Thursday, September 9, 2010

Love Letters to Dead Architects: Driving Determination and Damned Dissapointment

My Dearest Fazlur Khan,

They call you “the Einstein of structural engineering” and while it may be true, I find the “Einstein of the human-heart” to be more correct. You understand that the height of a structure is not enough to compel the soul – though it helps – the real influence comes from stepping out of your self and looking through the unengineered eyes of a viewer. Never refusing the question “what was it like the first time I saw it?” and then re-creating that moment again and again. Take the framed tube, take the trussed tube, take the bundle tube, take the X bracing, take the concrete tube, all your creations, in the end they are all just burned rocks. You know that, and you love them, and all of us regardless.


So I guess I just want to say I love you back,


Retly Corm.


“The technical man must not be lost in his own technology; he must be able to appreciate life, and life is art, drama, music, and most importantly, people." Fazlur Khan



Mi Caro, Antionio Sant’Elia,

The say the good die young and I can say that the great die even younger. So how does it feel then, bright star, to be the John Keats of Architecture? Rather than the name writ in water, you wrote your monogram in raw, bare and violent colored materials. Or at least you would have.

This world was too small for you, my love, you who saw the world as the interweaving and overlapping of excitement and prosperity taken to the epic scale. Planes that park in garages, skywalks that are suspended over depths as daring as any tight-rope walker could imagine all nourished in your fertile brain. The future was within your grasp, tragically however, so was the present and it eventually claimed your life.

Now all I can do is sit in your future and sigh about our past.

With Love,

Retly Corm

Hello Bruno Taut.
Again, we find ourselves alone. You for your religious and social leanings, and me, well, me for my own reasons – do you remember not so long ago how it was, the sun would shine, the birds would sing and we would just lay around the garden city waiting for the earth to be engulfed in flames.

All that time, you would have thought we would have been prepared when it eventually happened.

We spent all of our time in brightly colored glass menageries- pushing the boundaries of the material. Back then we thought that the bright yellows and pastel blues and sharp reds of your Weissenhofsiedlung house would protect us. We laughed at the all white entries. But it seems the days of exhibition 19 are over.

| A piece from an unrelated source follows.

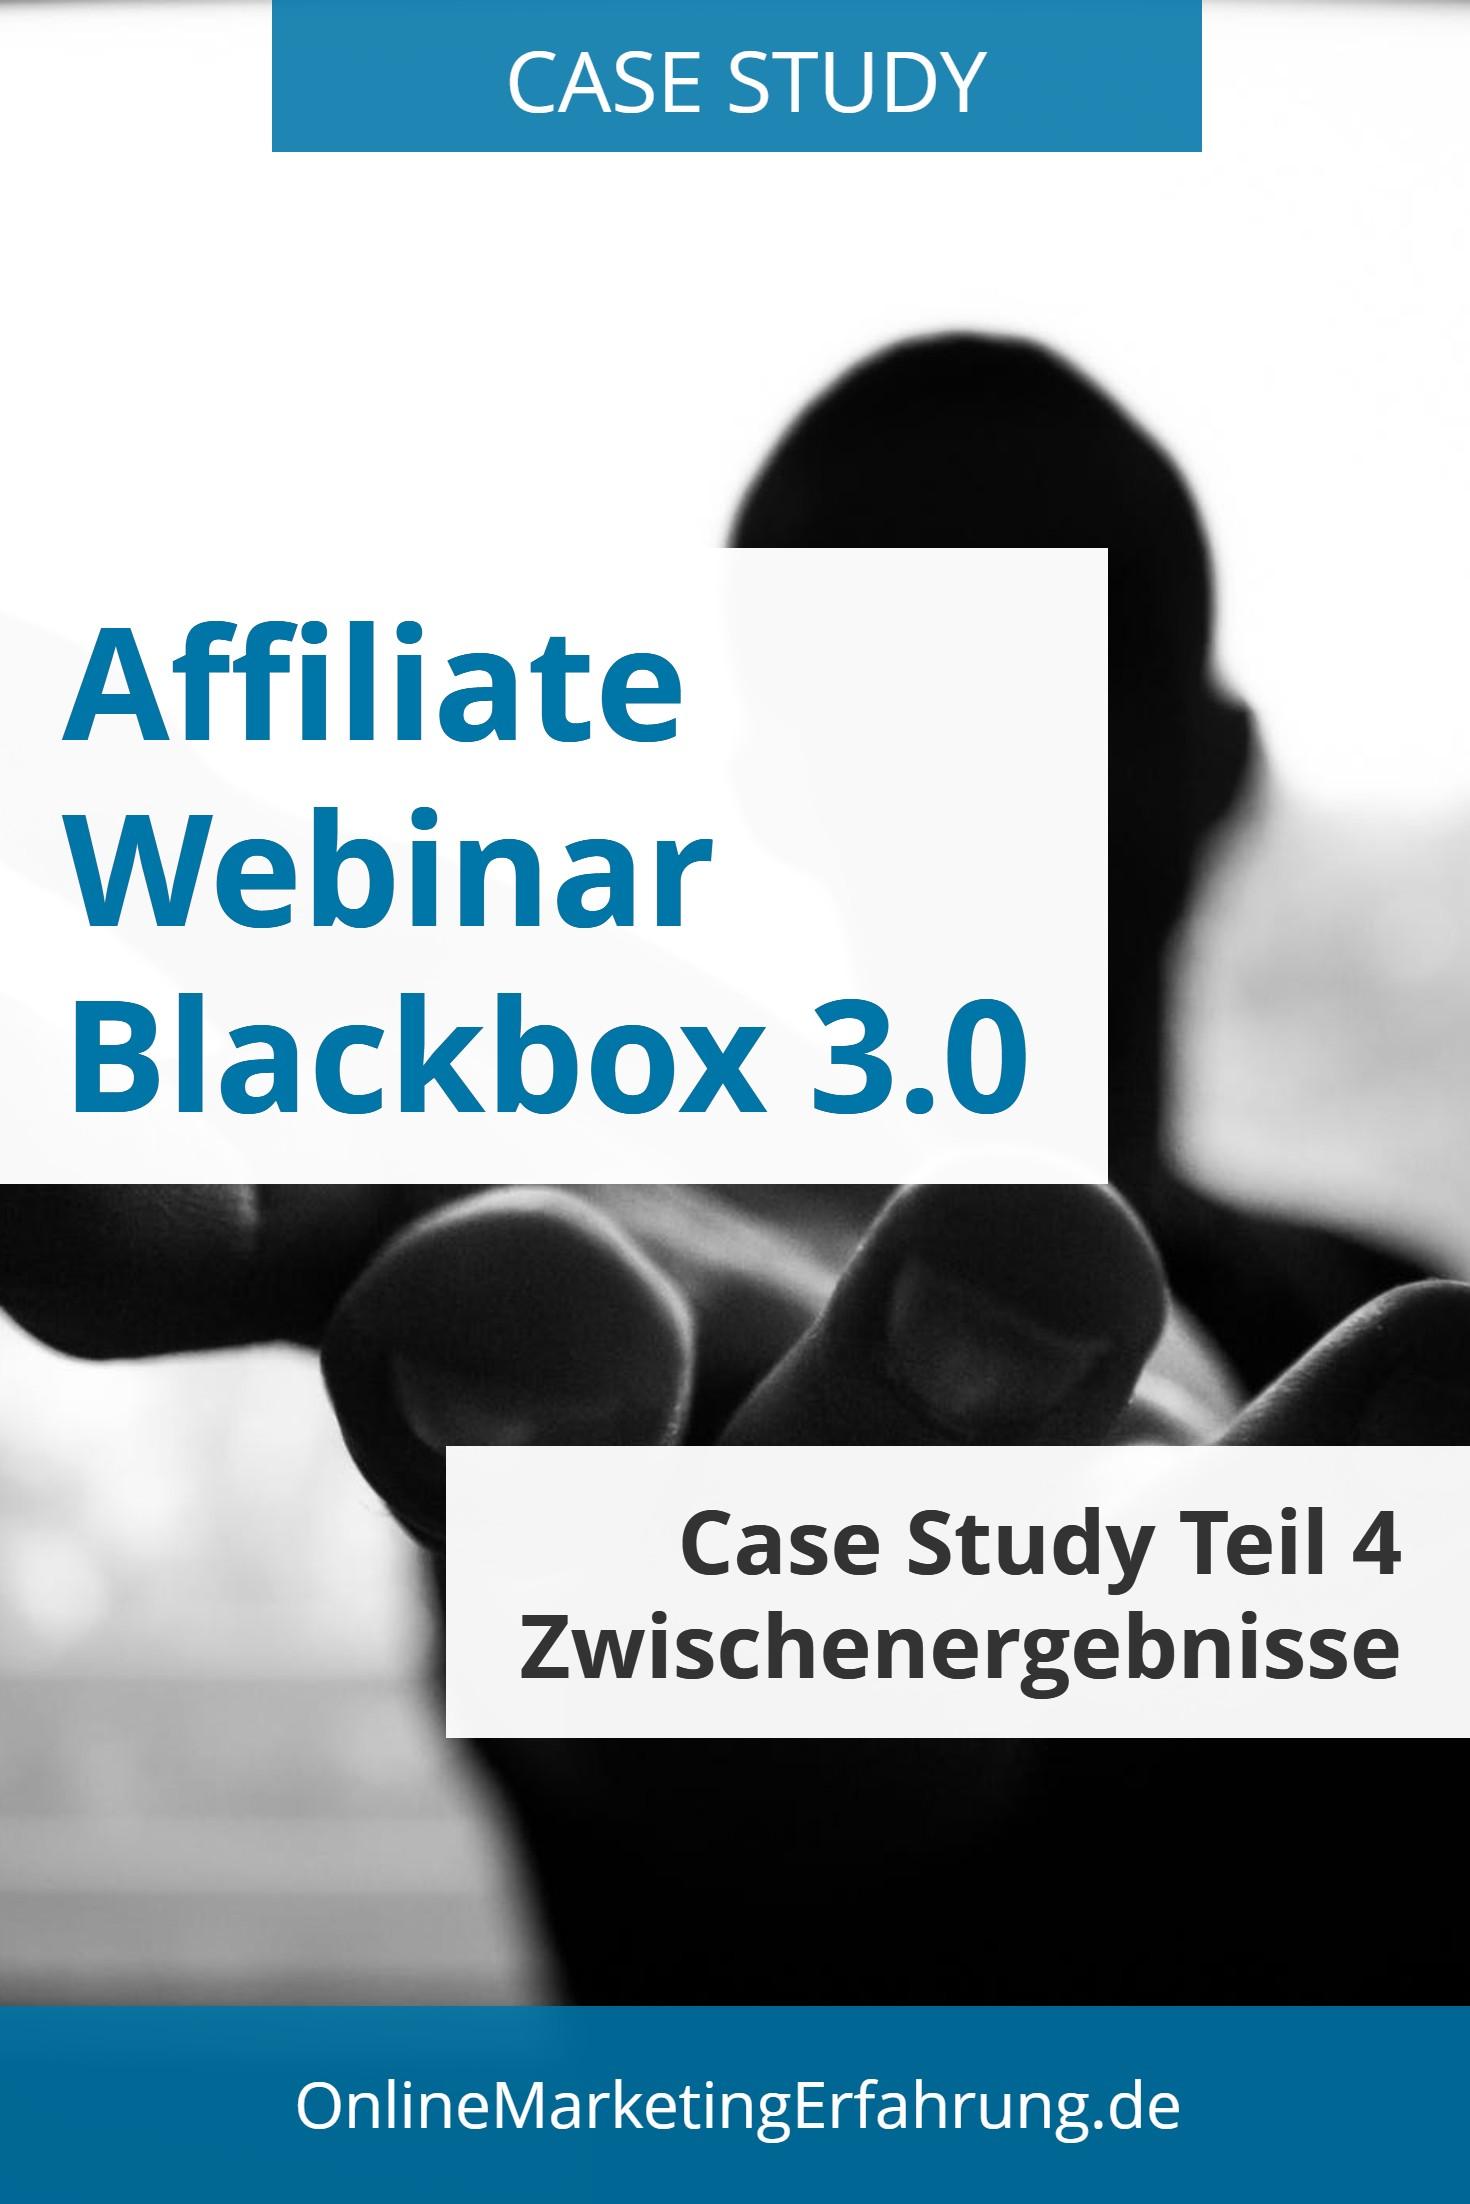 Affiliate Webinar Blackbox Case Study Teil 4

I hope you make it out – I’m not sure I will.

Yours Affectionately,

Retly Corm.

Hermann, Hermann, Hermann,

Oh Hermann Finsterlin, what am I going to do with you? Not evil enough to be vilified, not virtuous enough to be deified. The right man? Possibly. The wrong time? Absolutely. You had so much potential:

Your sketches for a glass pavilion are worthy of post-post-modernists, paintings that almost smolder with passion, insightful writings, inspiring music, all of it unique and deeply personal. You are an expressionist thinker somewhere between art nouveau and something else, not defined quite yet.

Hard times became the crux of the problem, I suppose. Who would have seen the World War coming? You staved off the Nazis as long as you could, but you knew that couldn’t last forever. They would have you and your art eventually; and when that happened I was already long, long gone.

I understand, I do, you did what you had to in order for your life’s work to survive, but then the bombing took most of it away anyway – what was it all for Hermann, was it worth it?